[Date Prev][Date Next][Thread Prev][Thread Next][Date Index][Thread Index]

Re: [syndication] Re: robots.txt and rss



On Fri, Nov 08, 2002 at 11:58:52AM -0500, Dan Brickley wrote:
> You might want to restrict certain (disfunctional, annoying etc)
> user-agents, eg. if they poll impolitely often.

my own experience with such hostile user-agents is that the odds of them
honoring robots.txt is roughly zero. they usually end up being custom
perl or php scripts run from a cronjob or during a page load. the few
times an aggregation tool has been released with an overzealous default
poll frequency, the tool was quickly corrected.

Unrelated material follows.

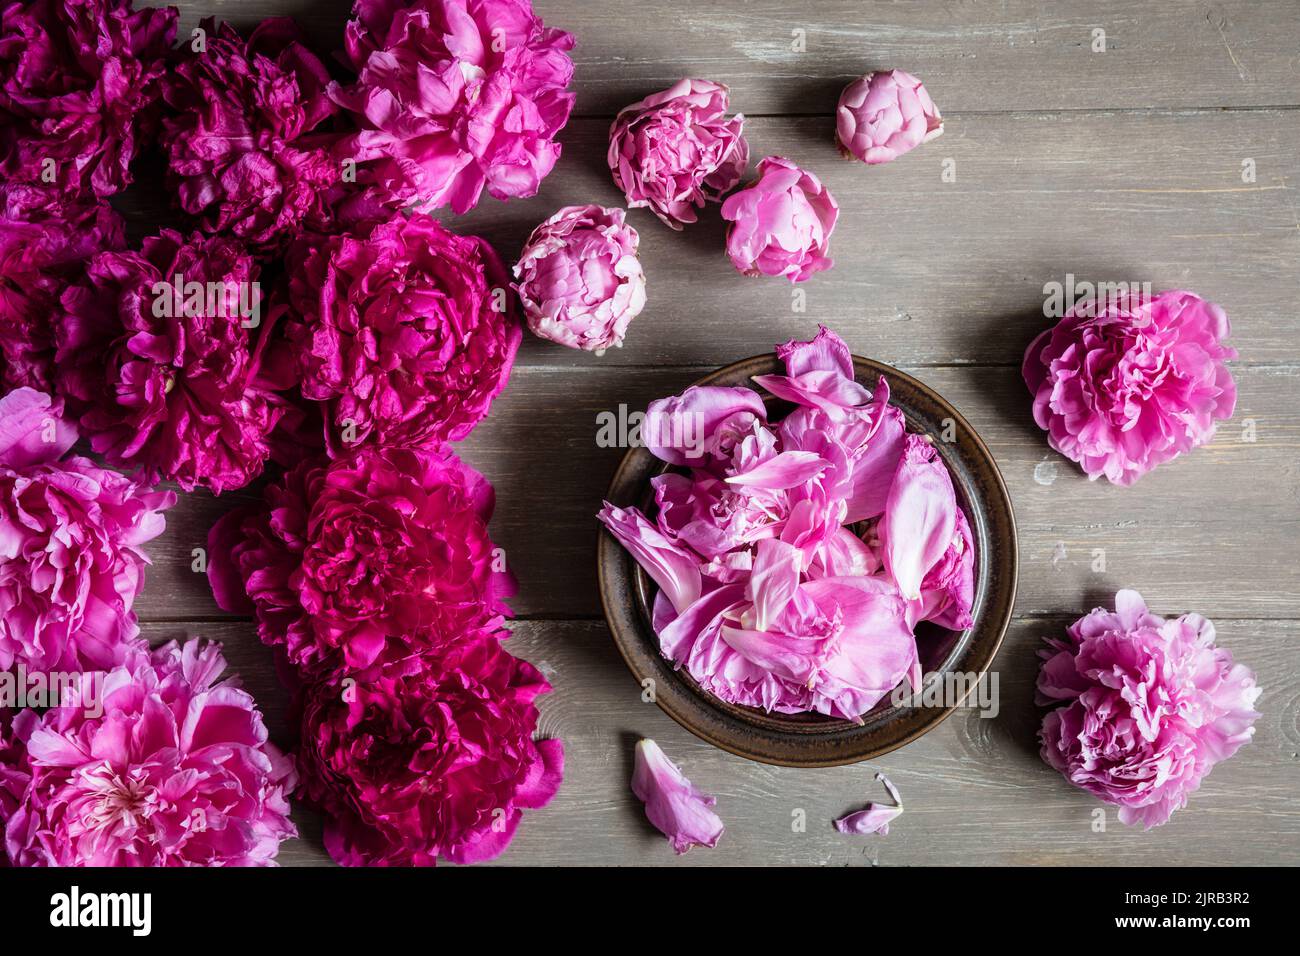 Studio shot of heads of pink blooming peony flowers lying against wooden background Stock Photo

sometimes the authors notice if you start handing them 403 responses,
sometimes not. from yesterday, these hosts got 403 responses from my
feeds:

  48 cassium.procopia.com
  47 csociety.ecn.purdue.edu
  72 usersweb1.go-concepts.com
  20 wwwcache2-ext.lancs.ac.uk
  40 wwwcache3-ext.lancs.ac.uk

the csociety.ecn.purdue.edu site has been getting them for over a year.
(and attempts to contact the author of the software doing so have been
fruitless, although the frequency appears to have gone down since last
time i looked.)

as i see it, having robots.txt handling in popular aggregation tools
would just multiply the number of requests to my site with zero
likelihood of benefit.

jim